Traian T. Coșovei (; 28 November 1954 – 1 January 2014) was a Romanian poet. He was a member of the Writers' Union of Romania.

The son of writer Traian Coșovei and Maria Urdăreanu, he graduated from the Department of Romanian Language and Literature of the University of Bucharest in 1978. He wrote a thesis on the Beat Generation.

A so-called "80s Generation" writer, he was a member of the "Monday Literary Circle" led by Nicolae Manolescu, and of the literary circle led by Ovid S. Crohmălniceanu.

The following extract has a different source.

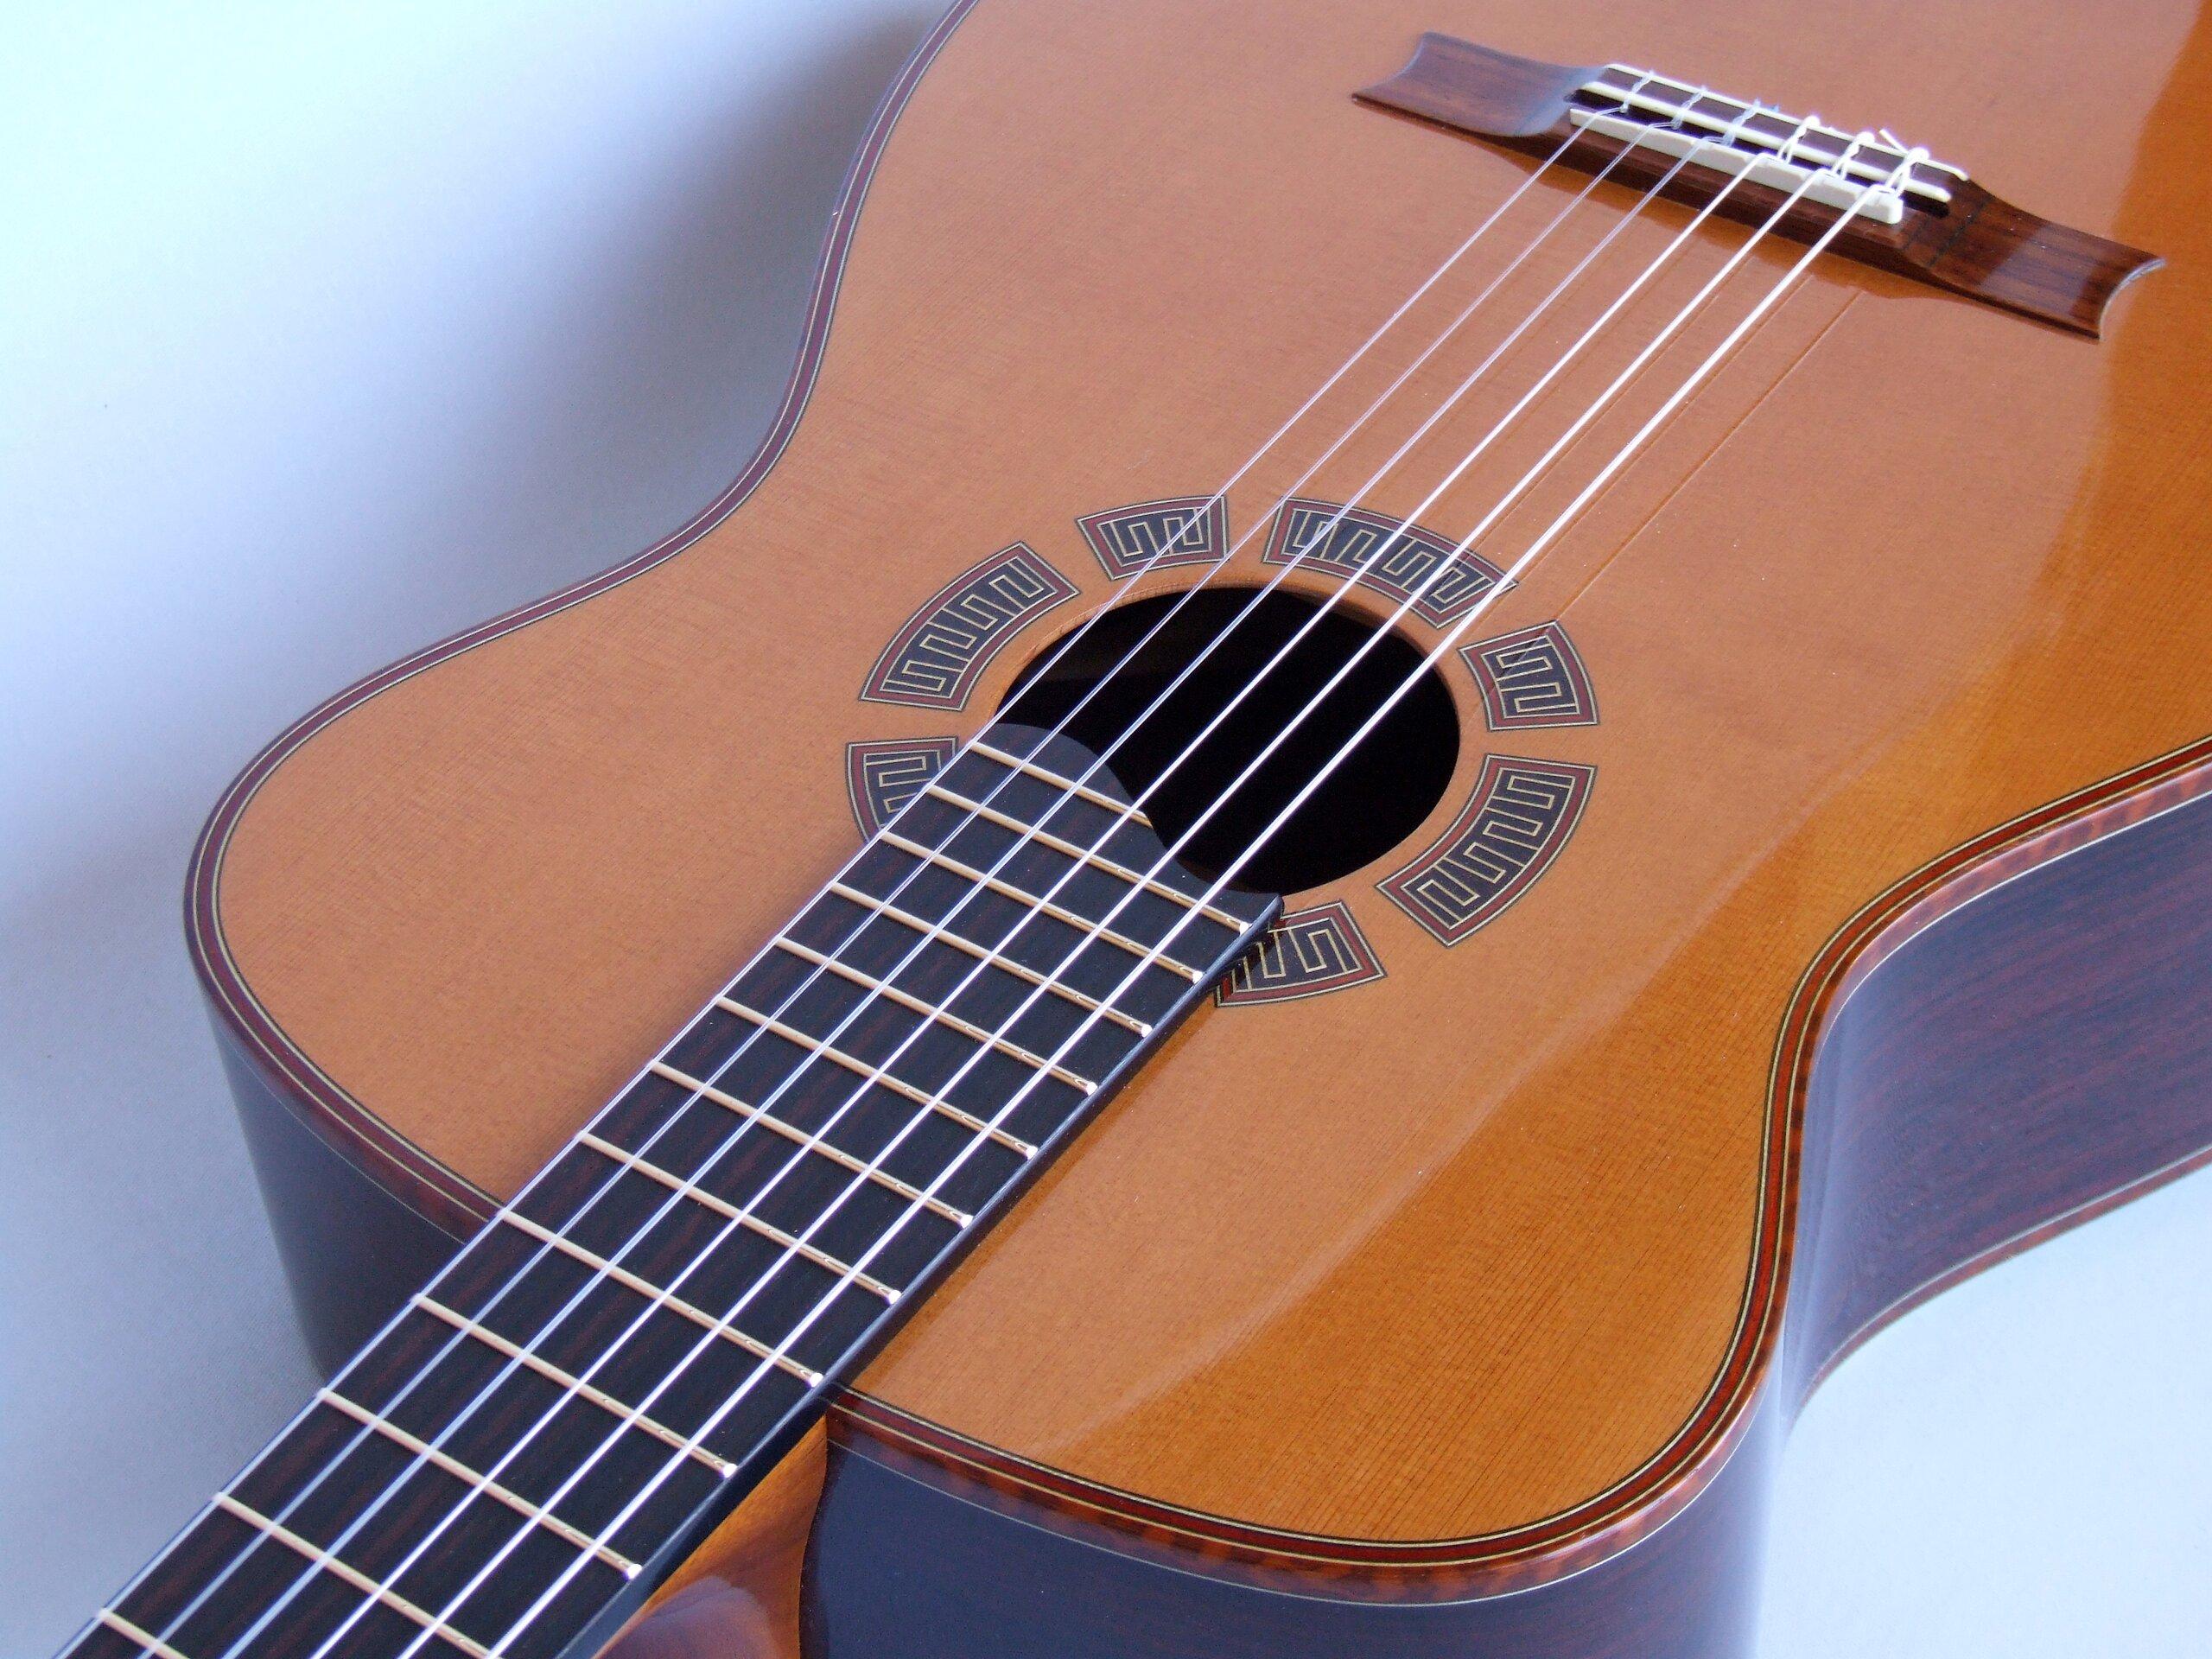 Cedar top classcial guitar with segmented rosette and snakewood bindings

Coșovei's literary debut came in 1978 with the publication of a story in the magazine Literary Romania. The following year, he began editing the Romanian Paper. In 1980 he became a member of the Writers' Union of Romania. In 1996 he was appointed in the National Museum of Romanian Literature, Bucharest, a job he held until his death.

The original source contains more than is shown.